In late 1984, Fellini obtained a contract with independent record label Baratos Afins, and released their debut album, O Adeus de Fellini, in 1985, which contained underground hits such as "Rock Europeu" and "Funziona Senza Vapore". It would be followed by 1986's Fellini Só Vive 2 Vezes, 1987's 3 Lugares Diferentes (which Cadão Volpato considers to be Fellini's finest album, and was also their last release via Baratos Afins) and 1990's Amor Louco. However, the band broke up in the same year, with Cadão Volpato alleging that he was tired of the band's hectic performance schedule and wanted to give more emphasis on his "intellectual pretensions". Also, Thomas Pappon moved to Germany (and later to England) in the same year, leaving Fellini to form alongside his wife Karla the duo The Gilbertos.

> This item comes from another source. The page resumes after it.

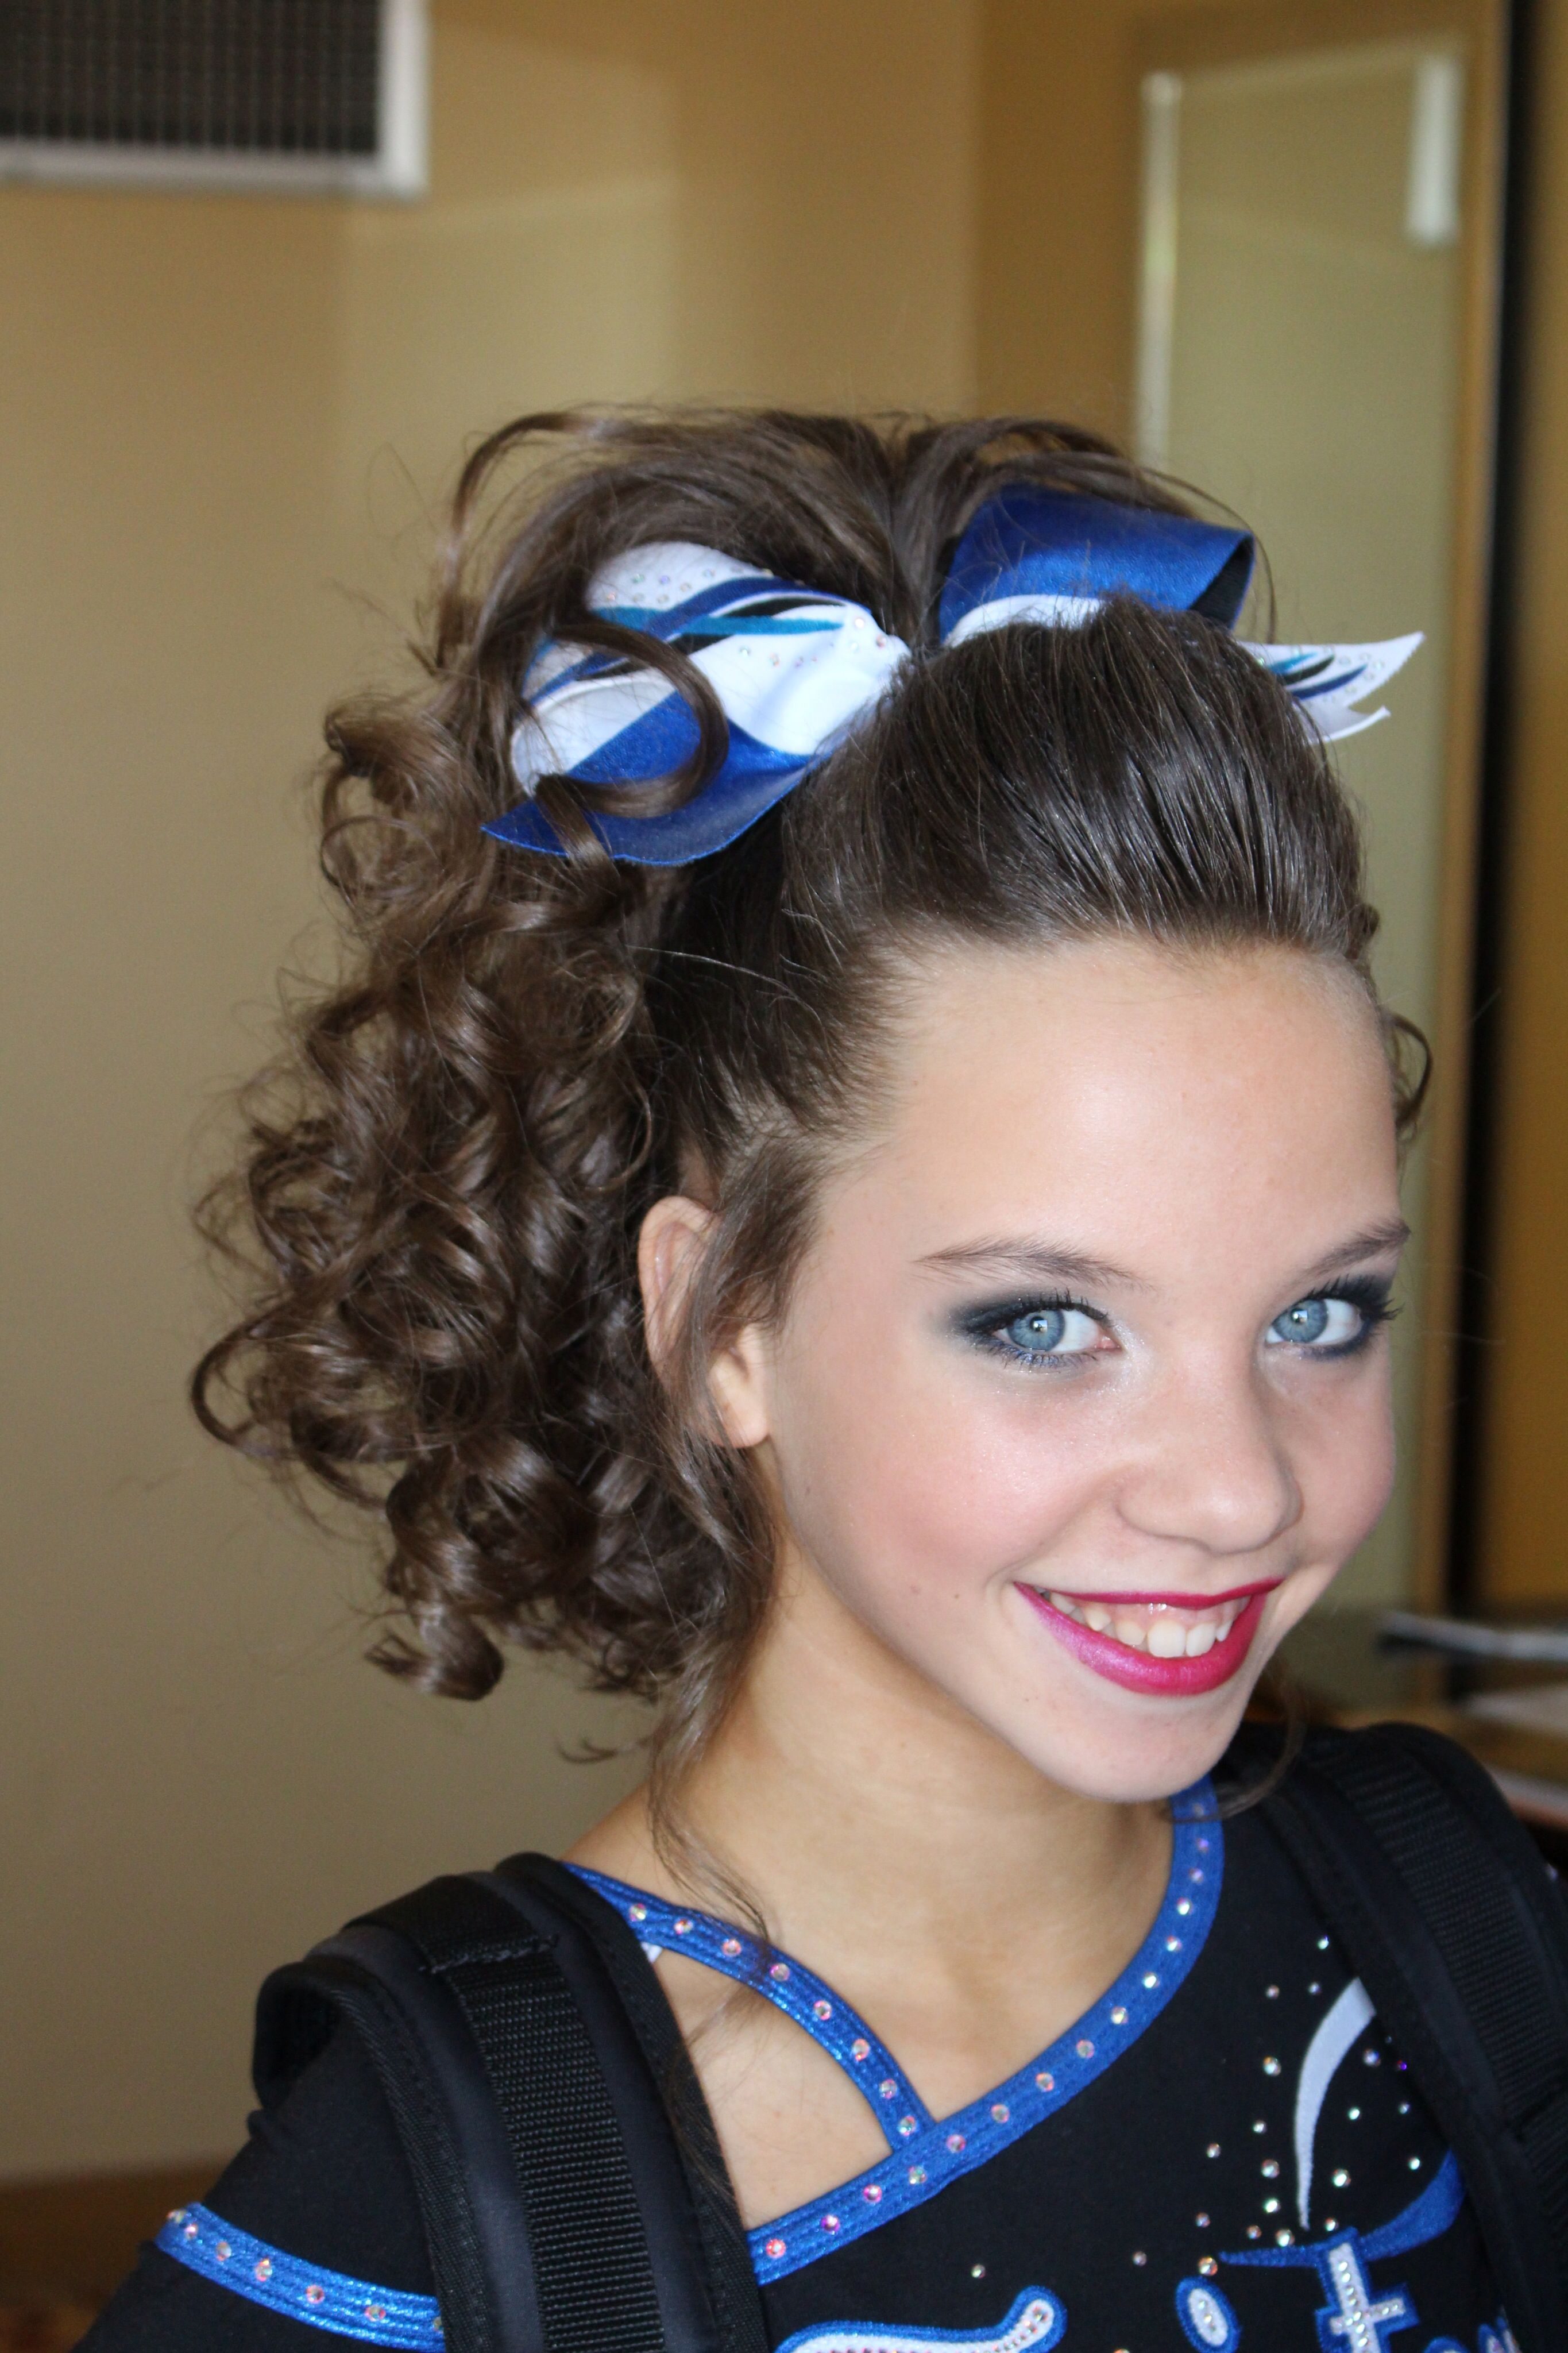 Cheer Hair Cheer hair, Cheer hair bows, Cheer makeup

In 1992, Cadão Volpato formed a very short-lived "spiritual successor" to Fellini named Funziona Senza Vapore (after Fellini's eponymous song, present in their debut album). It comprised original Fellini members Jair Marcos and Ricardo Salvagni, plus Stela Campos replacing Thomas Pappon. They recorded also in 1992 a homonymous obscure album, that was only released in 2002.

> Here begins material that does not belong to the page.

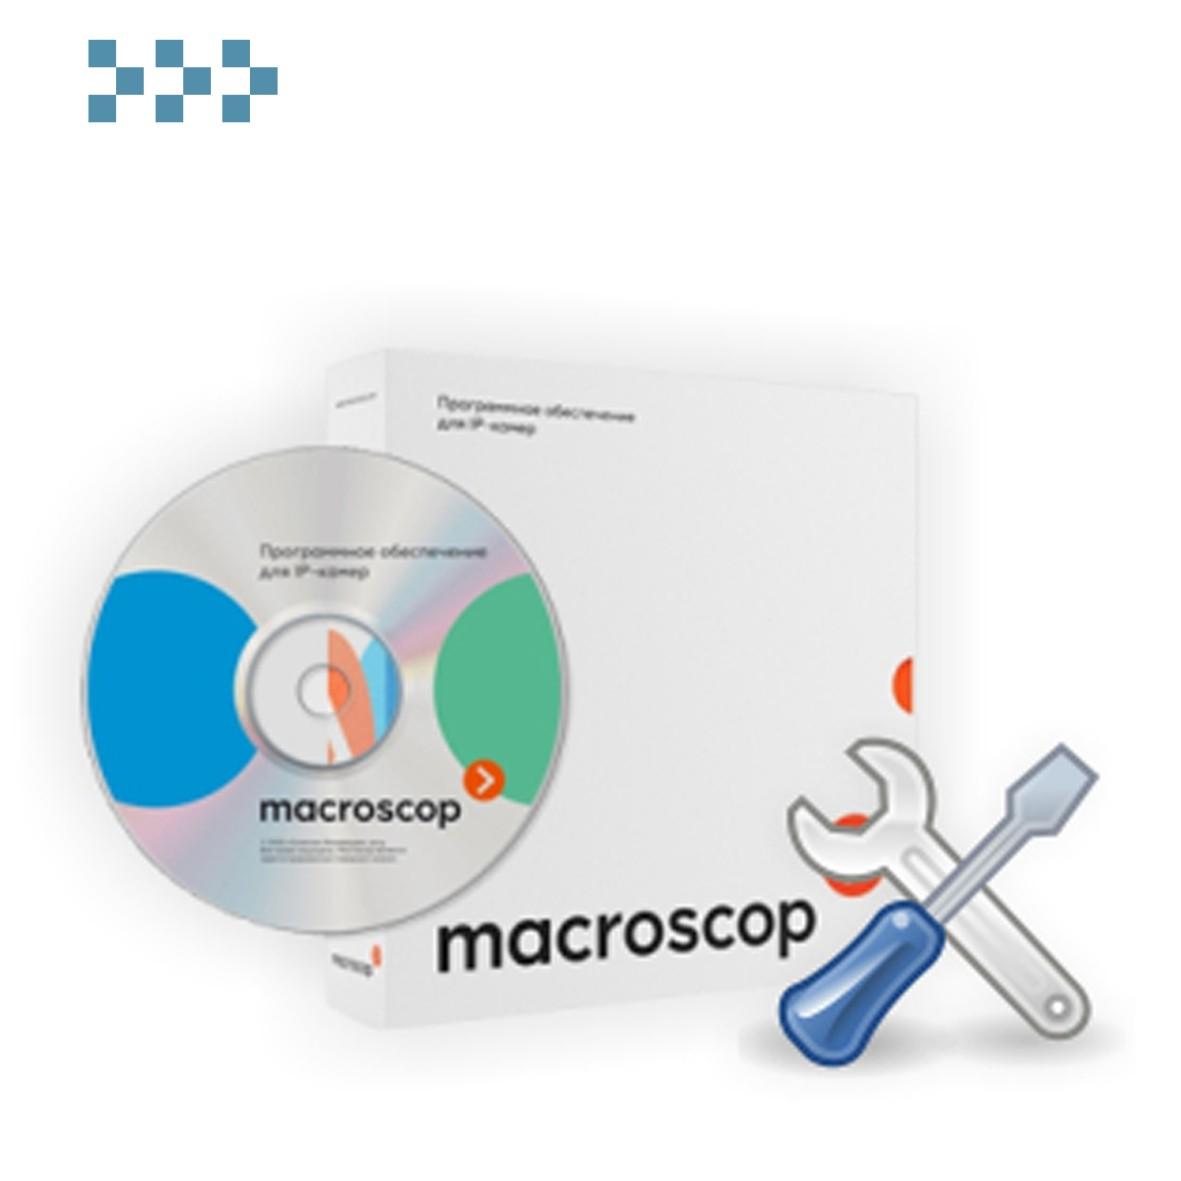 Версия ПО Macroscop 2.3

After a 12-year hiatus, Fellini returned in 2002, releasing a new studio album, Amanhã É Tarde. In 2003 they played at the TIM Festival alongside Beth Gibbons and Los Hermanos, subsequently doing some other sporadic shows. In 2010 they released a compilation featuring re-recordings of previous songs, Você Nem Imagina, before breaking up again.

In 2015 Volpato and Pappon reunited to form the experimental rock duo Pappon & Volpato.

In 2016 the band announced on their official Facebook page that a brief reunion of its original line-up would happen; accompanied by drummer Lauro Lellis, they would play in its entirety their album Amor Louco across some venues in São Paulo beginning in March. According to Cadão Volpato, this would be the last reunion ever of the band, and no further performances are scheduled.

==Discography==

===Studio albums===

| Year | Album |
|---|---|
| 1985 | O Adeus de Fellini Label: Baratos Afins; |
| 1986 | Fellini Só Vive 2 Vezes Label: Baratos Afins; |
| 1987 | 3 Lugares Diferentes Label: Baratos Afins; |
| 1990 | Amor Louco Label: Wop-Bop Records; |
| 2002 | Amanhã É Tarde Label: Midsummer Madness; |
| 2010 | Você Nem Imagina Label: Tratore/Fonomatic; |

===Compilation===
- Sanguinho Novo... Arnaldo Baptista Revisitado (1989)
Featured the song "Cê Tá Pensando que Eu Sou Lóki?"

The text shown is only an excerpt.